* [Given material]
----------
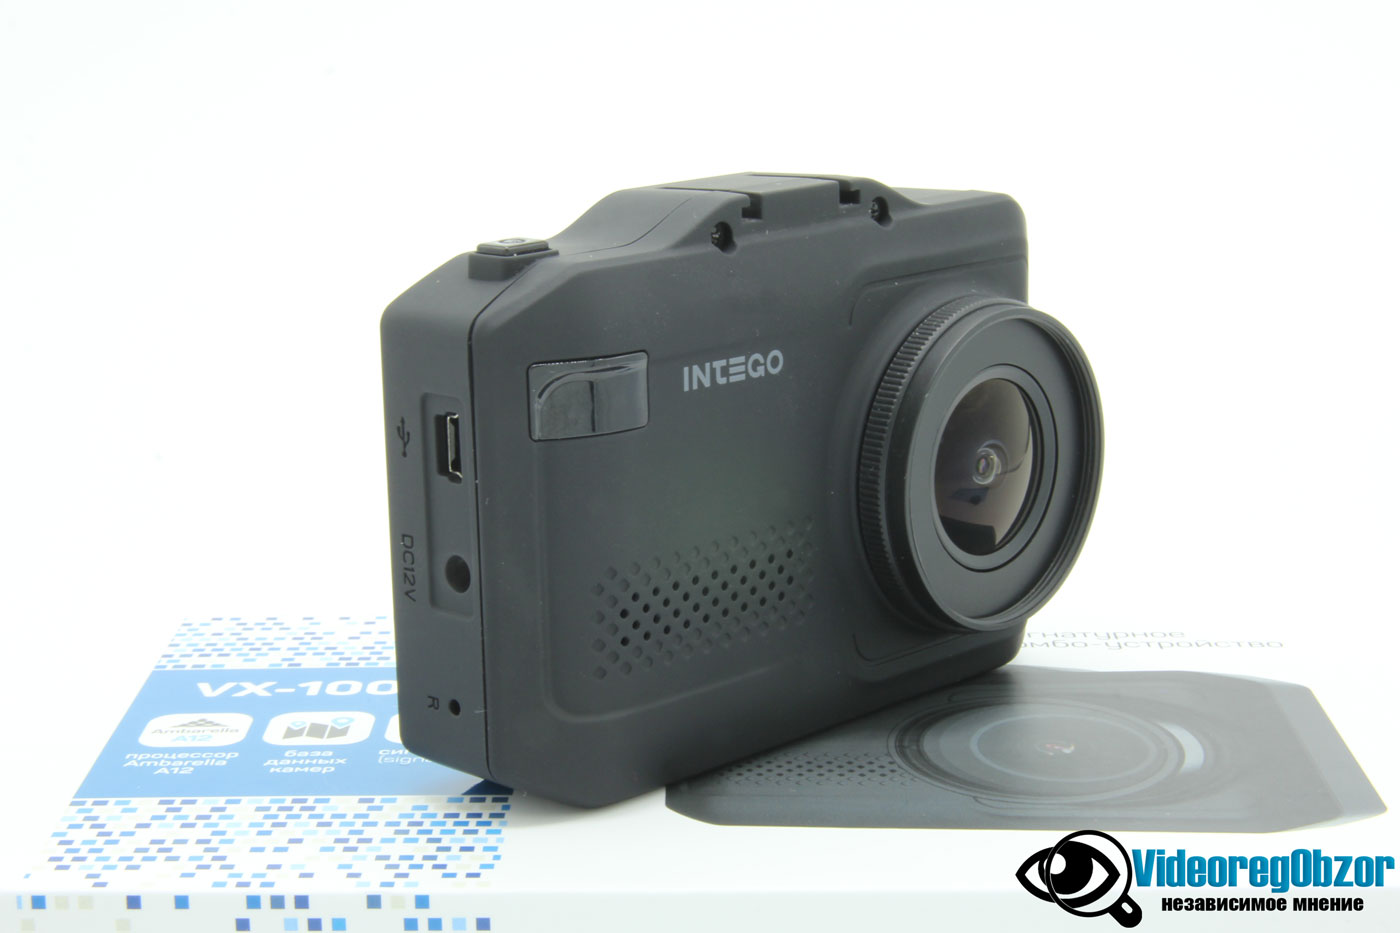 INTEGO VX 1000S 14
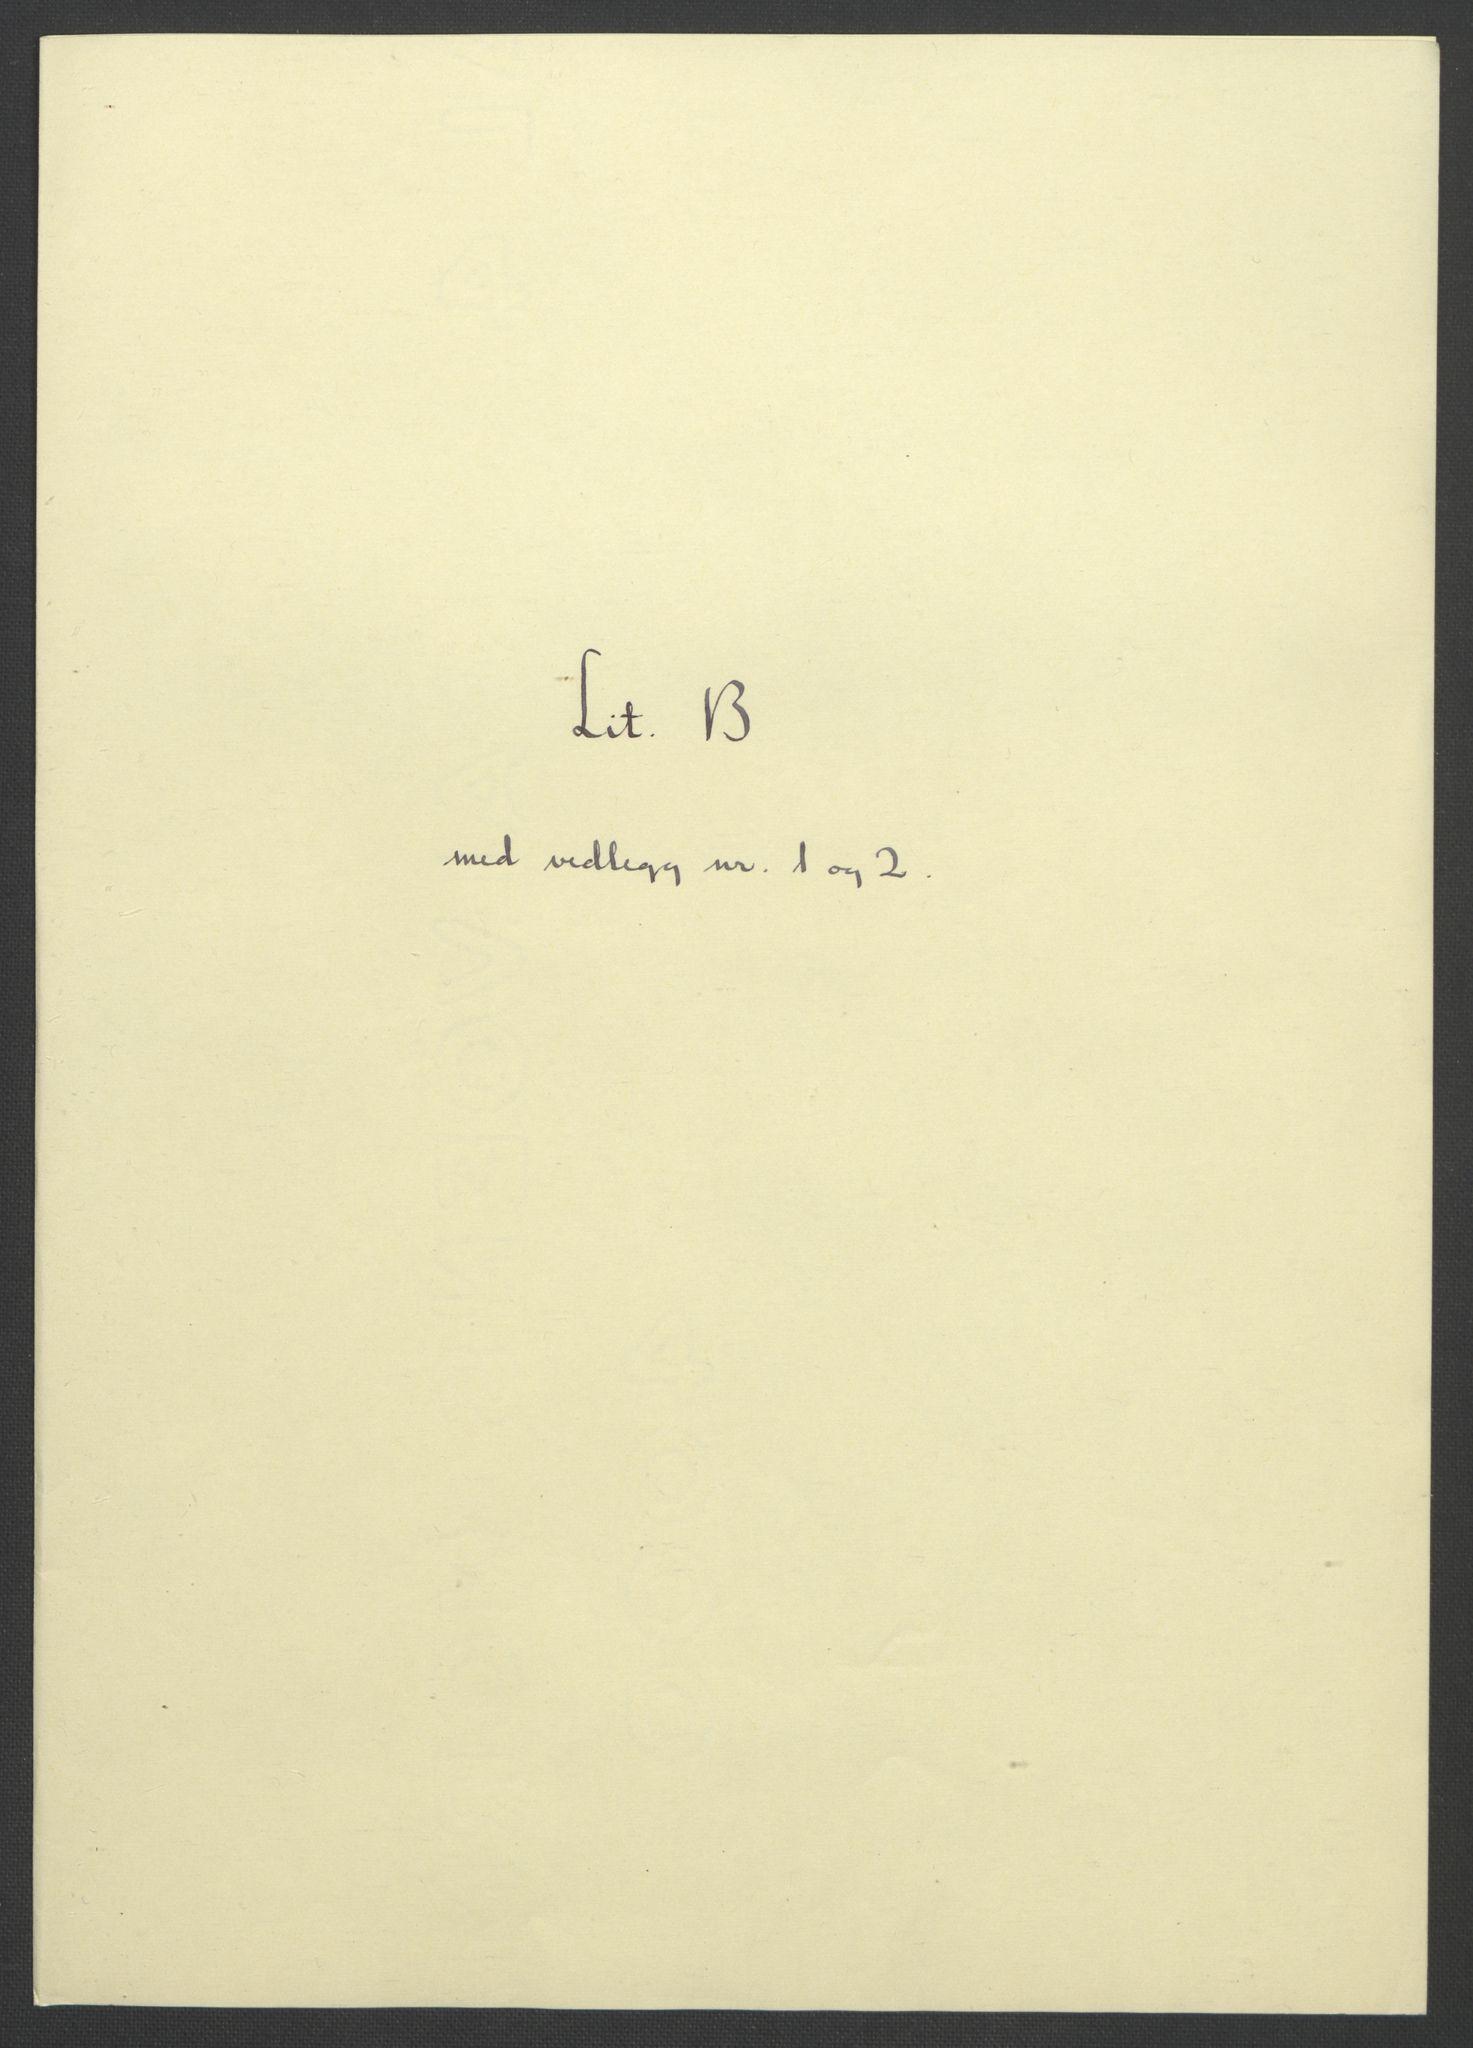 RA, Rentekammeret inntil 1814, Reviderte regnskaper, Fogderegnskap, R53/L3422: Fogderegnskap Sunn- og Nordfjord, 1695-1696, s. 61
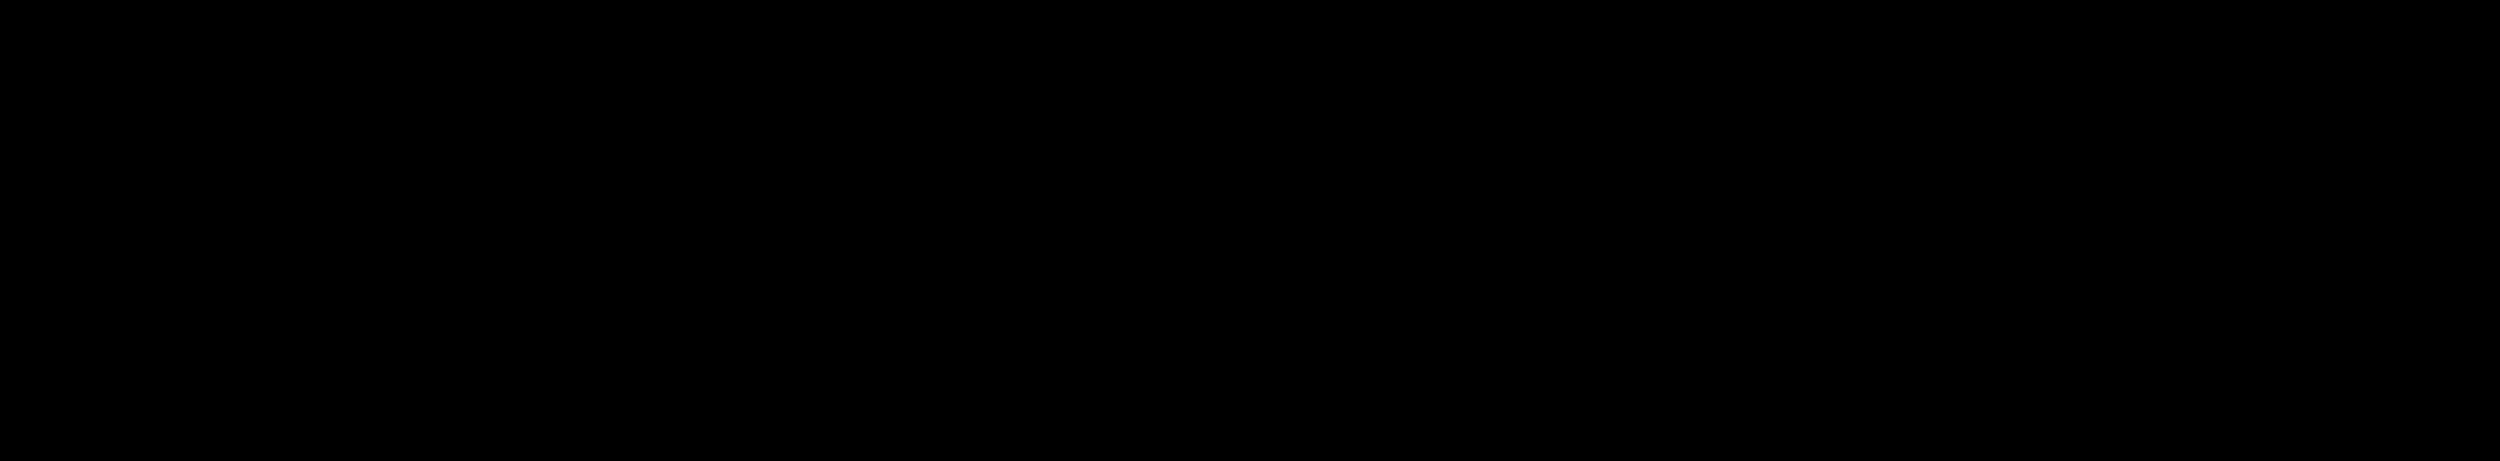 dyfit-logomarks_1 LINE + TAG LINE BLACK.png
----------
* [What to work on] Return the listing above word for word, with the pictures removed.

* [Output below]
 INTEGO VX 1000S 14
 RA, Rentekammeret inntil 1814, Reviderte regnskaper, Fogderegnskap, R53/L3422: Fogderegnskap Sunn- og Nordfjord, 1695-1696, s. 61
 dyfit-logomarks_1 LINE + TAG LINE BLACK.png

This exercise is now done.